One of the key words in Hebrews is “better”. The author of Hebrews is trying to convince them not to abandon their faith and he shows them that Jesus is better than anything else. He uses the word better 11 times and he says that:
We have a better hope.
Christ brought a better covenant,
Established on better promises.
Christ was a better sacrifice.
We have better and lasting possessions than what we have now awaiting us in heaven.
Christ is better—why would you abandon Him for anything less?
So it is better for us, and here’s the big reason. It says, “only together with us would they be made perfect.” What does that mean? Earlier, the author said:
Hebrews 10:14 by one sacrifice he has made perfect forever those who are being made holy.
When Christ died on the cross, He made us perfect forever.

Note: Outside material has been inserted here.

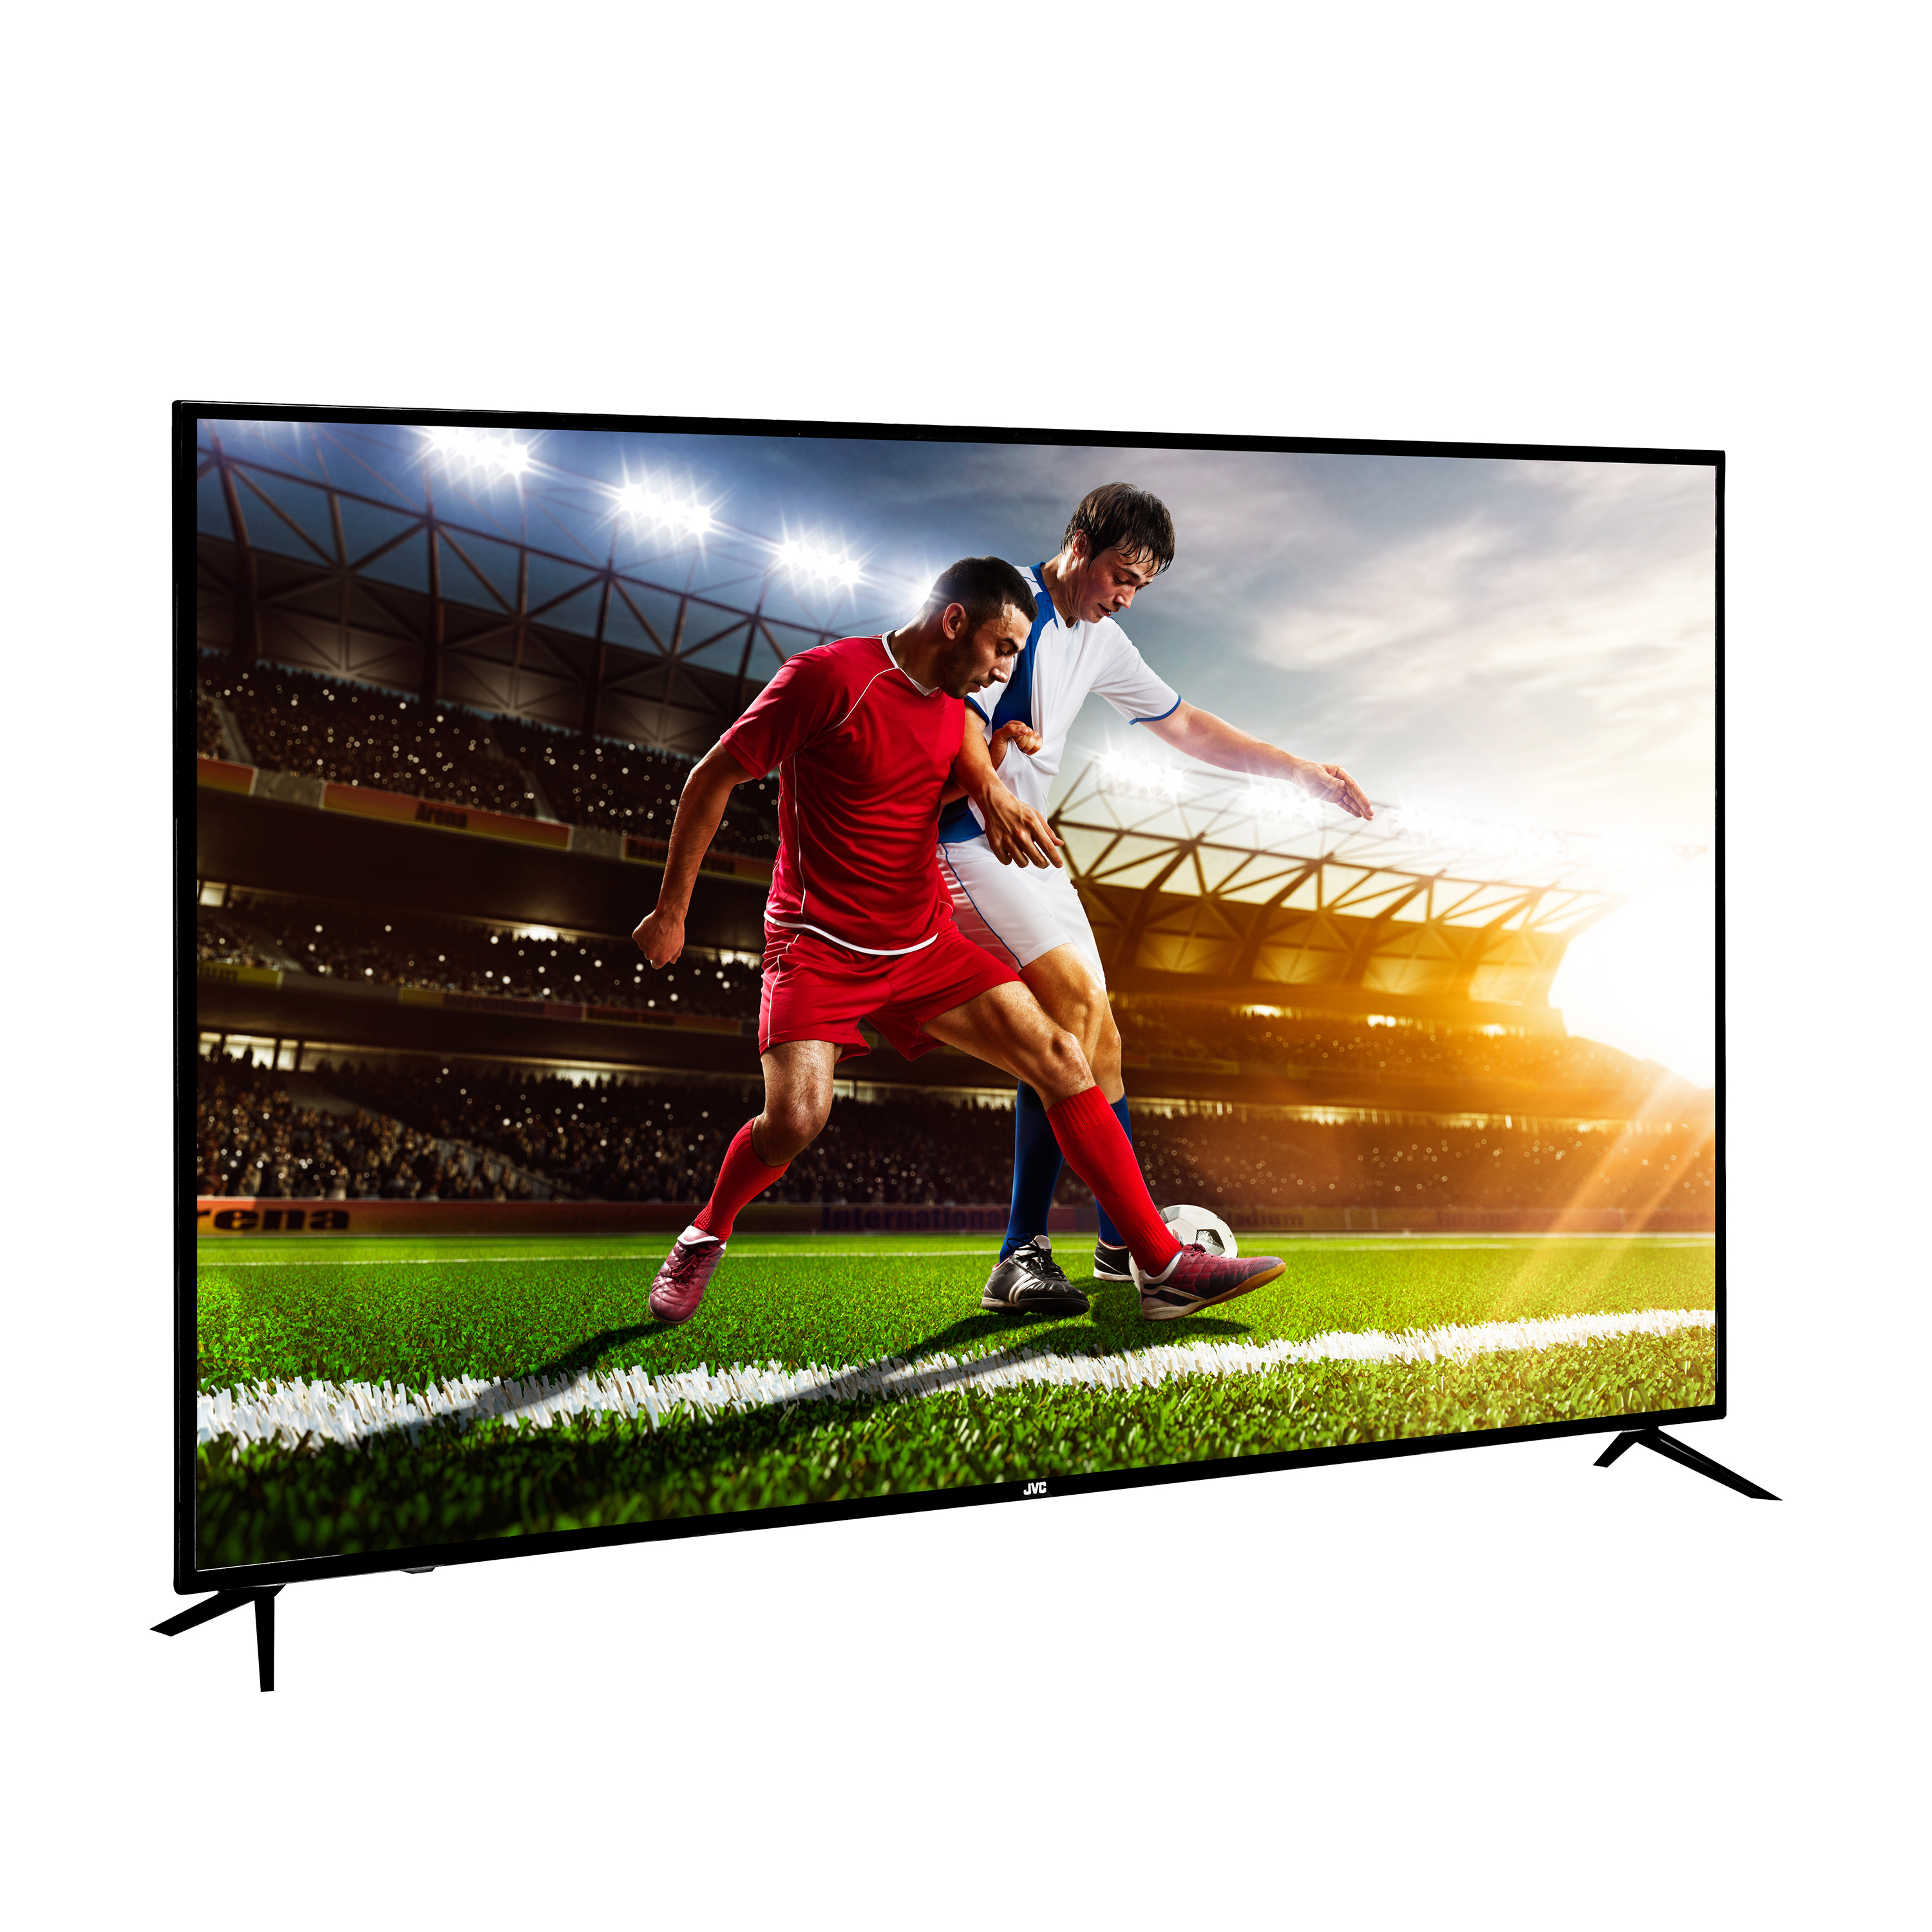 JVC 65" Class 4K Ultra HD (2160p) HDR Smart LED TV with Built-in Chromecast (LT-65MA875) - image 8 of 8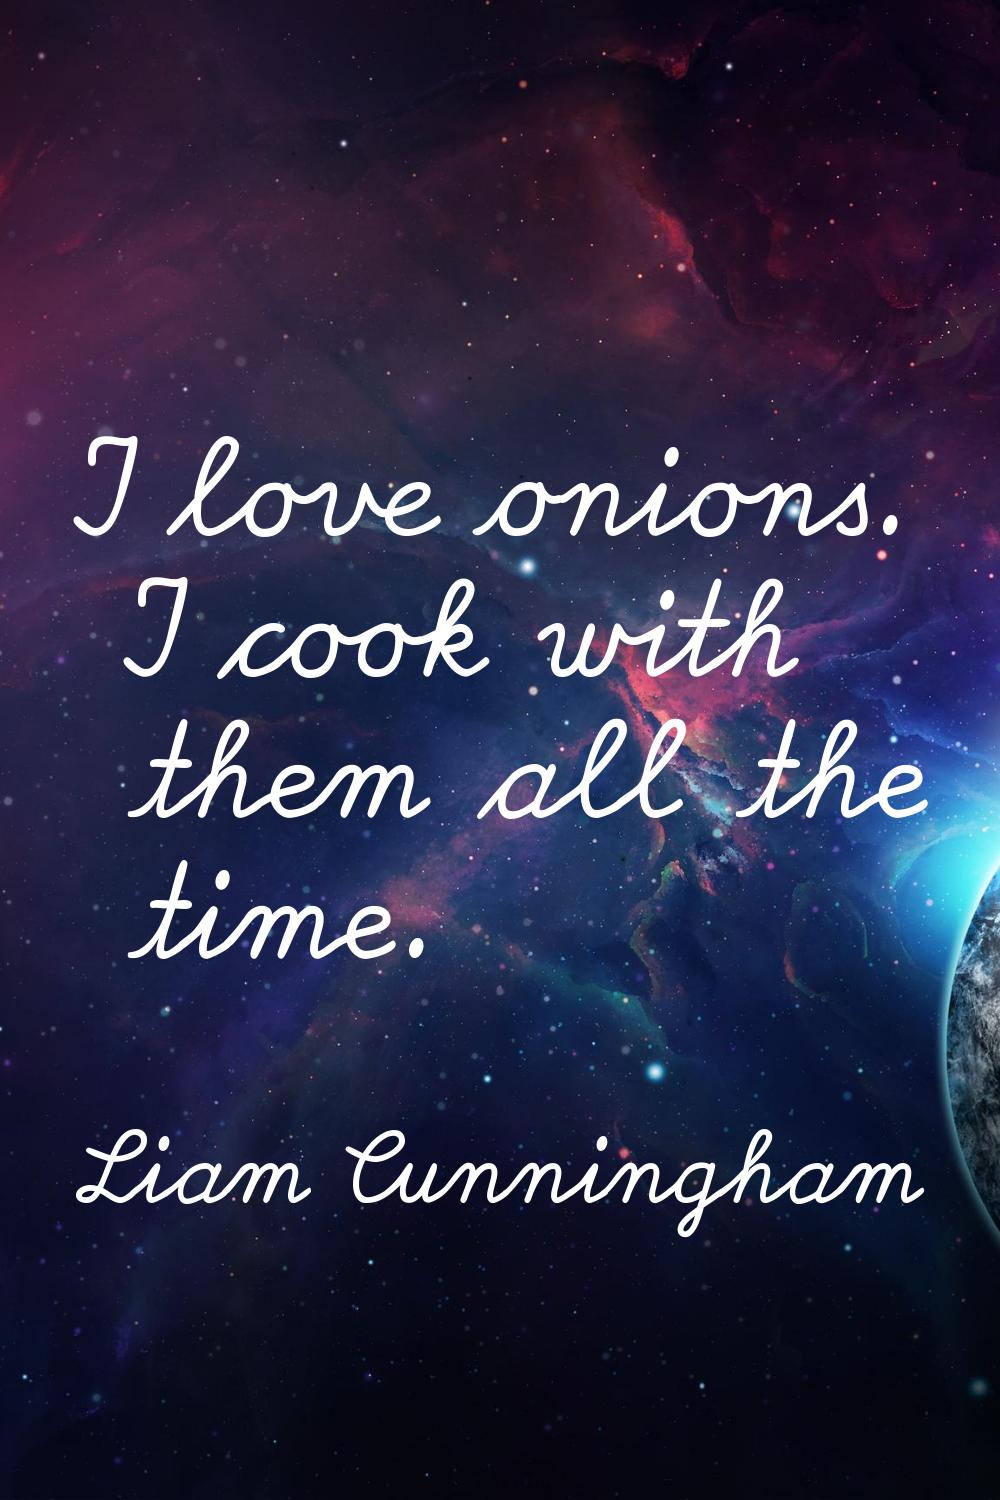 I love onions. I cook with them all the time.

He forgave all our sins and presents us to God perfectly clean, without fault or blemish.
ILL: In my final class in my master’s program, we took a series of about 20 lengthy online quizzes. I was surprised to discover that if you didn’t like your score, you could retake the quiz—as often as you wanted—until you got a score you liked! One of my classmates, who will remain unnamed, retook every quiz until she had a perfect score—no mistakes. 100% on every quiz! I’m not sure that I could have ever have gotten perfect scores on every quiz, no matter how many times I took them. I wished she could take my quiz for me.
Jesus took your quiz and got a perfect score, and turned it in with your name on it beside His! He made you perfect before God! He has forgiven every sin. This is why you shouldn’t abandon your faith; you should stay close to Jesus. It’s better for us!